Dit artikel is alleen van toepassing op uitgaande marketing.

In dit inleiding op het gebruik van Customer Insights - Journeys wordt uitgelegd hoe u de app kunt vinden en openen en hoe u kunt werken met de algemene gebruikersinterface-elementen ervan, zoals lijsten, formulieren en bedrijfsprocessen.

Een volledige responsieve app die is gebouwd met behulp van de nieuwe Unified Interface

Customer Insights - Journeys is gebouwd om uitsluitend te worden uitgevoerd op de nieuwe Unified Interface voor Dynamics 365-toepassingen. Unified Interface gebruikt goed reagerende webontwerpprincipes om een optimale weergave- en interactie-ervaring op elk apparaat, ongeacht het schermformaat of de weergavestand, te bieden. Het is niet nodig om een speciale client op elk apparaat te installeren of om over te schakelen naar een andere locatie afhankelijk van het apparaat dat u gebruikt.
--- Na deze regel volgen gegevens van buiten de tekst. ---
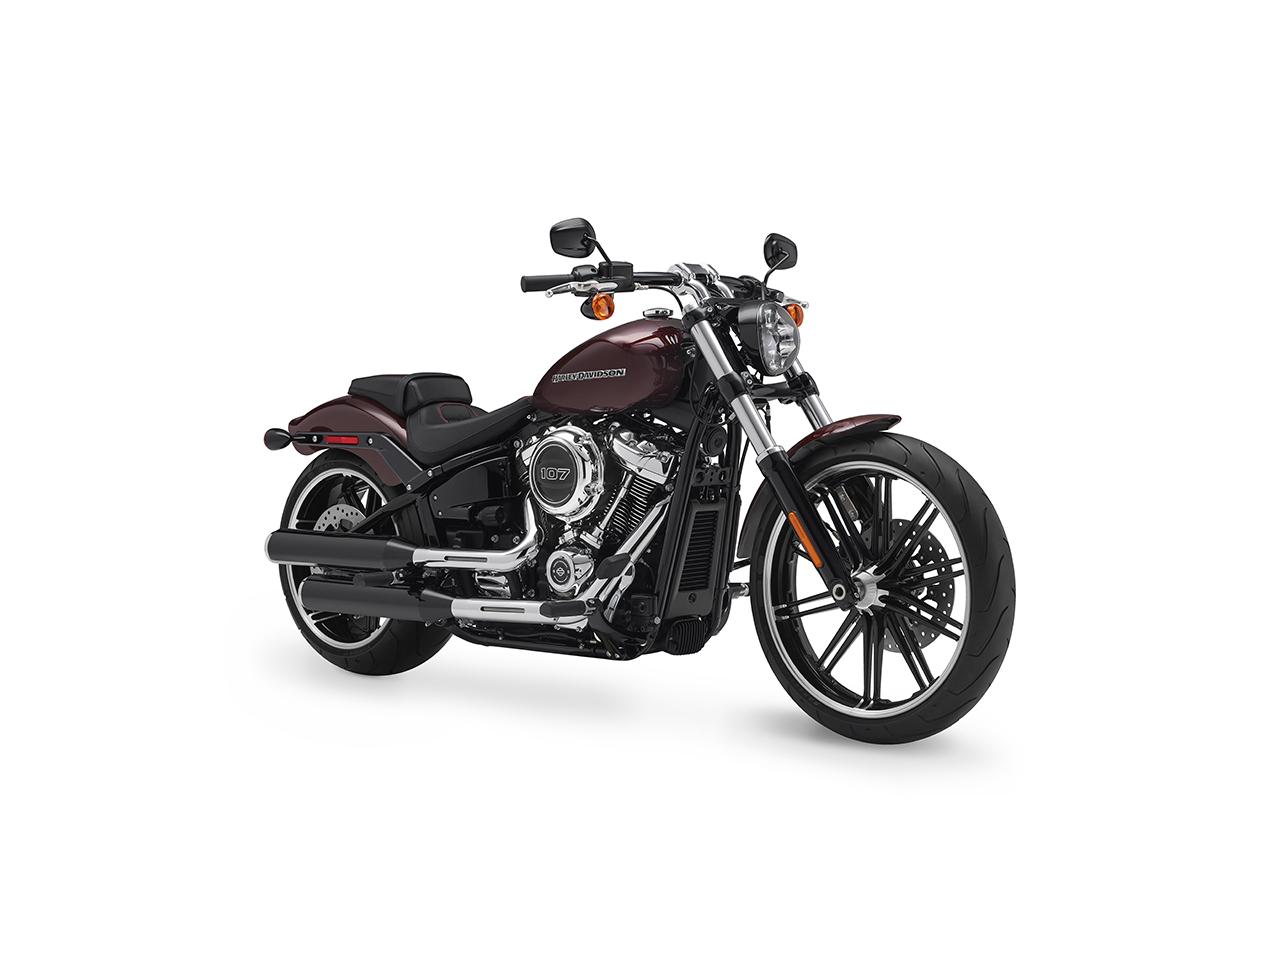 2018 Harley-Davidson Breakout 114 Image
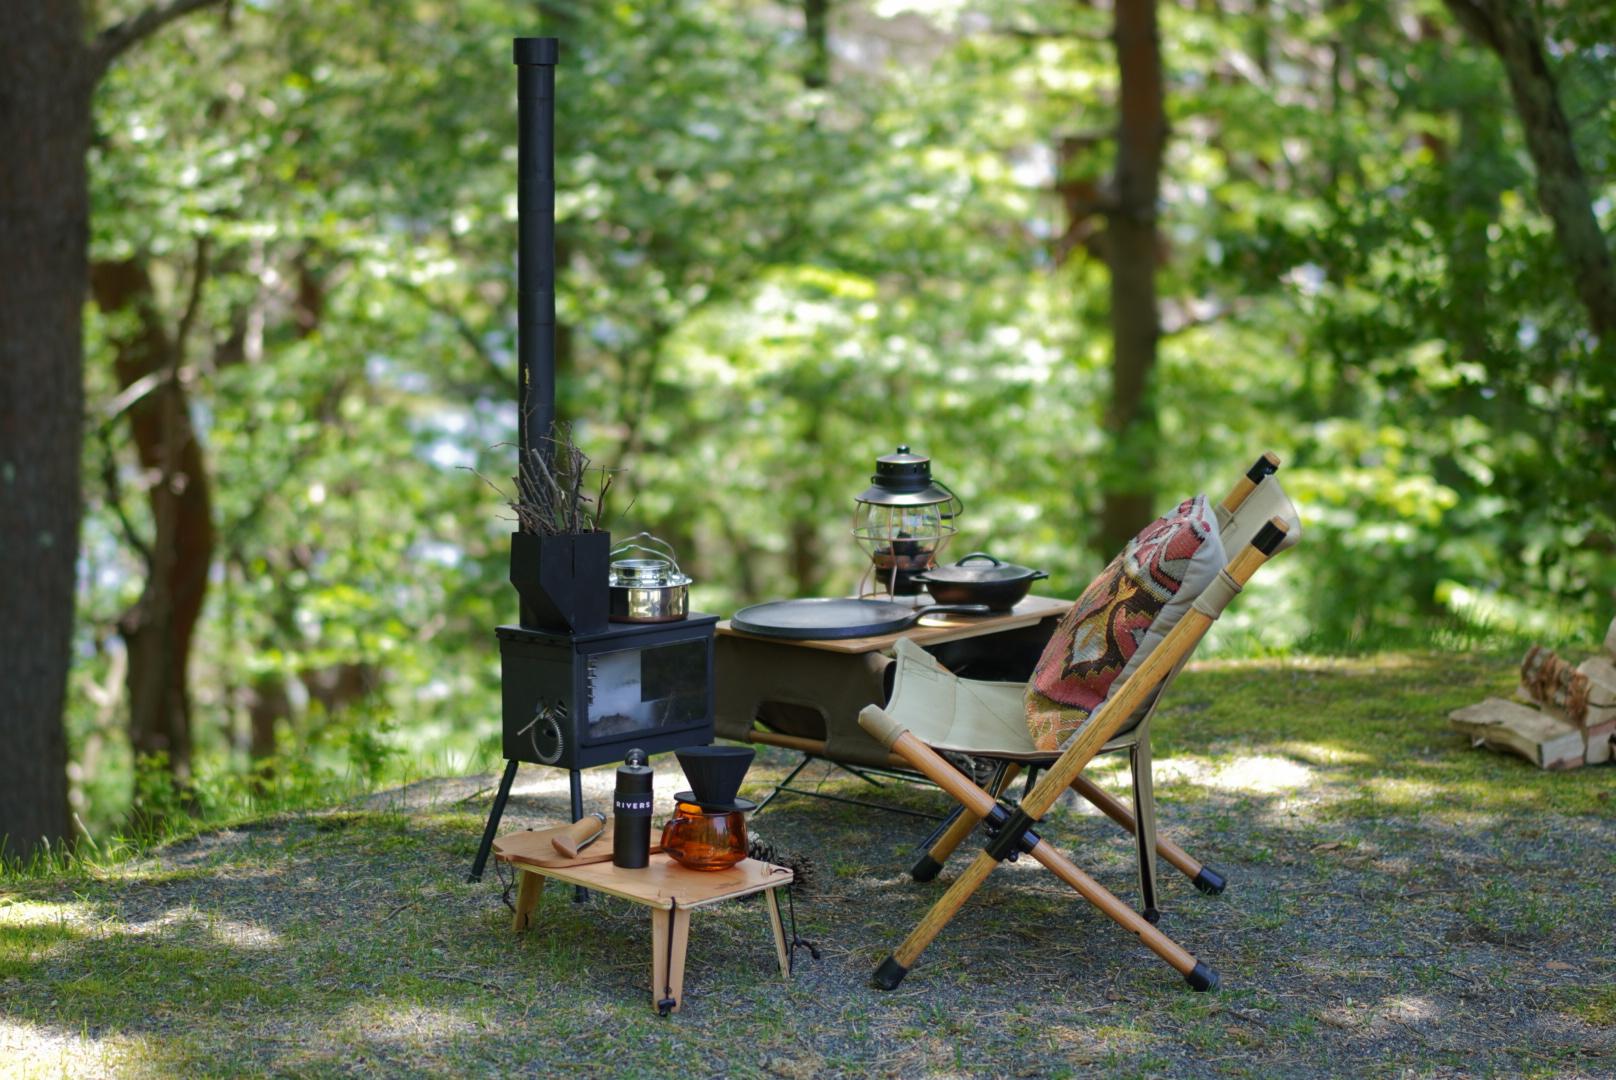 ロケットストーブ「Ammo stove standard」

Veel Dynamics 365 Marketing-toepassingen ondersteunen zowel het nieuwe Unified Interface als de verouderde webclientinterface, maar vrijwel alle toepassingen worden gemigreerd naar Unified Interface. Sommige beheer- en aanpassingsfuncties en sommige geïntegreerde gebruikersfuncties vereisen mogelijk dat u van tijd tot tijd overschakelt naar een verouderde webclientapp, maar binnenkort zullen naar verwachting alle functies beschikbaar zijn in Unified Interface.

Opmerking

Customer Insights - Journeys deelt gewoonlijk gegevens met andere Dynamics 365-toepassingen die op hetzelfde exemplaar worden uitgevoerd en werkt op veel van dezelfde database-entiteiten, waaronder contactpersonen, potentiële klanten, accounts en meer. Sommige Customer Insights - Journeys-specifieke functies, zoals weergaven van analyses en inzichten van marketinginitiatieven, vereisen de Unified Interface en tonen daarom geen gegevens wanneer u deze entiteiten weergeeft in webclientapps.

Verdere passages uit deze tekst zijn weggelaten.